30 May, 2018

Cable Europe, ETNO, and GSMA call on Ministers on the ePrivacy Regulation

Brussels, 30 May 2018

Dear Ministers,

Last week, we all greeted the General Data Protection Regulation (GDPR) taking effect as a new high standard for all players in the digital economy. Cable Europe, GSMA and ETNO’s members have made implementation of the GDPR their highest priority, since the protection of customer’s personal data is at the core of our industry’s business model.

However, the GDPR has not truly resolved the current regulatory imbalance between the telecommunications industry and other players in the economy. As you know, telecom operators are currently still subject to national rules implementing the ePrivacy Directive, which restrict the way they can handle data generated and carried over their networks.

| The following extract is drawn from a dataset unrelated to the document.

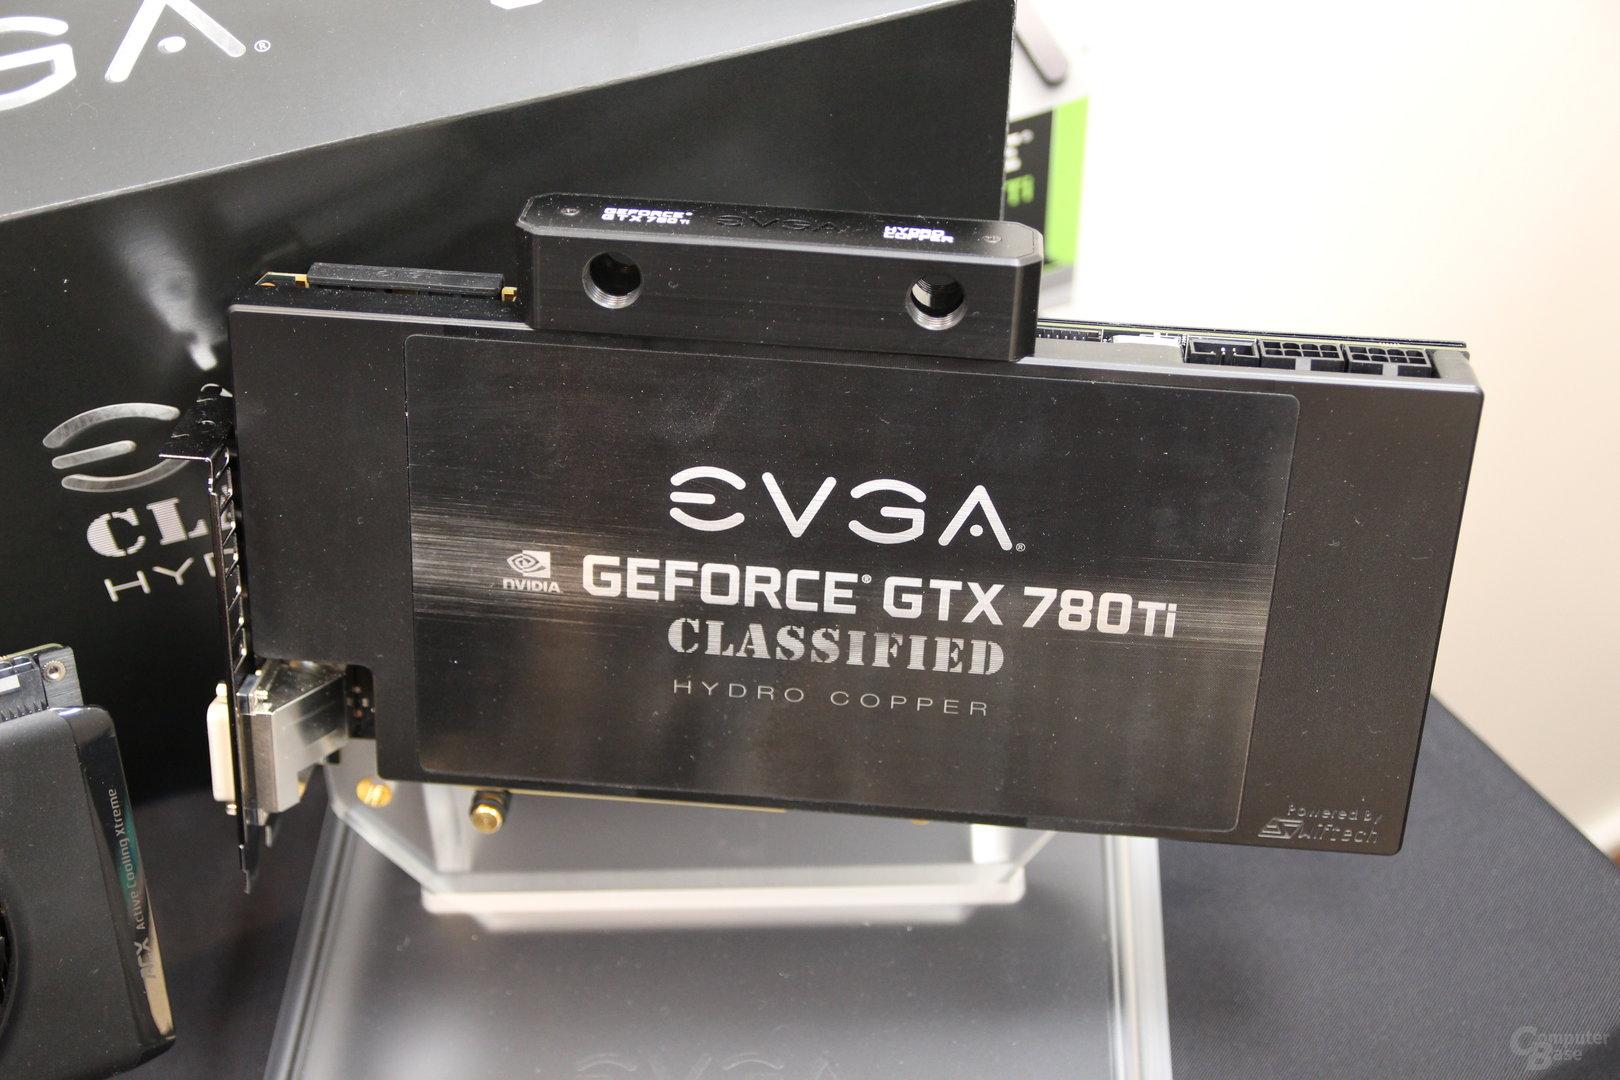 EVGA GeForce GTX 780 Ti Hydro Copper als optischer Vergleich

As active supporters of the Digital Single Market strategy, our members are the backbone of the European data economy. The surge of Internet traffic, mobile data traffic, and machine-to-machine connections that we are witnessing can only be sustained thanks to the continuous investment and innovation of the European providers of telecom networks and connectivity. As such, our members have the ambition to fully harness the opportunities of this data-driven revolution to create significant benefits for customers and society as a whole in many areas including service innovation, improvement to public transport and traffic congestion management, or reduced CO2 emissions.

Cable Europe, ETNO and GSMA had hoped that the long-awaited overhaul of the ePrivacy Directive could make that aspiration a reality. However, the European Commission’s proposal for an ePrivacy Regulation and the ensuing legislative debate have frustrated our expectations.

The draft Regulation has so far failed to bring the conditions for processing communications metadata in line with the principles applicable to the processing of personal data in the GDPR. While our members entirely support the principle that unlawful interference with communications should be prohibited, this should not mean preventing telecommunications operators from offering innovative services, provided that sufficient safeguards are in place to prevent such interference. The data economy is global and EU legislation should support European operators to compete – without compromising on confidentiality. As proposed by the Commission, the systematic and sole reliance on consent of the end-user risks hampering data analytics and Artificial Intelligence which are dependent on adequate datasets. The right balance has not yet been achieved and in October 2017, the European Parliament adopted a position that further exacerbates this missed opportunity.

We appreciate that Member States are taking time to thoughtfully deliberate and we value the work on the Regulation undertaken by the Council under the auspices of the Bulgarian Presidency. To facilitate the ongoing difficult discussion amongst Member States, we have regularly provided constructive input to the Council- including providing relevant use cases and technical explanations on how more flexibility for metadata processing can benefit directly our society and the competitiveness of our industry, while ensuring a high level of privacy.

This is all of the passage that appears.